Вадим попытался забрать у нее бутылку.
– Не трогай меня! – взвизгнула девушка и отскочила в сторону. – А я-то думала, что нравлюсь тебе, а ты, а ты… – Света рыдала, размазывая по щекам слезы, смешанные с тушью.
Вадим сгреб ее в охапку и, с силой прижав к себе, восторженно зашептал:
– Не плачь, не плачь, моя маленькая, ты же знаешь, как я тебя люблю.
Марина стояла, завернутая в махровый халат Вадима, и, низко опустив голову, пыталась понять, что происходит. «Он же только что, минуту назад, меня обнимал и вот так же про любовь шептал», – думала она.

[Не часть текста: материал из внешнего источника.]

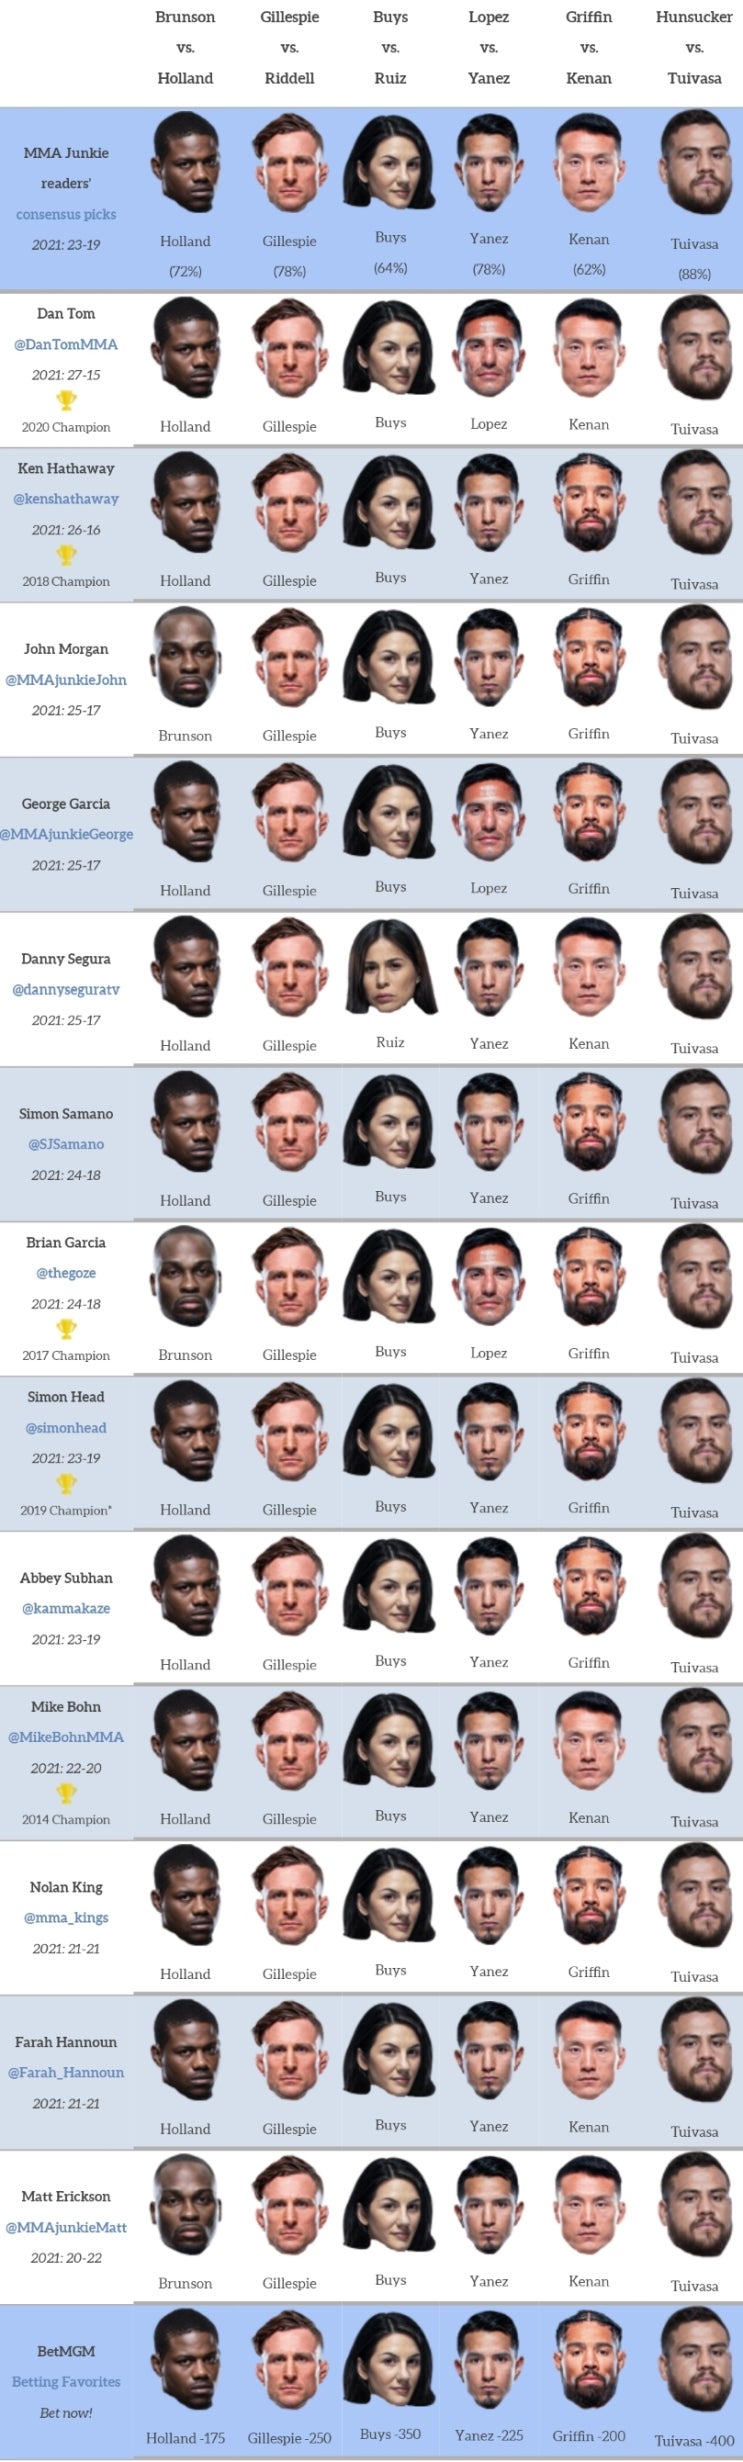 UFC 베가스 22: 브런슨 vs 홀랜드 프리뷰(미디어 예상 및 배당률)

Света тем временем затихла в руках Вадима и, тихонько всхлипывая, жаловалась:
– Не любишь ты меня, нисколечко не любишь. И вообще, иди к своей Маринке, вон она тебя поджидает! – Света метнула в сторону подруги яростный взгляд и попыталась высвободиться.
– Да что ты, глупенькая, – еще крепче прижал ее к себе Вадим. – Она же при тебе как обезьянка.
«Что он такое говорит?» – подумала Марина.
– Какая обезьянка? – насторожилась Света.
– Раньше французские дамы носили при себе уродливых мартышек, чтобы оттенять свои прелести, а ты с собой Марину водишь, – пояснил Вадим, целуя ее лицо.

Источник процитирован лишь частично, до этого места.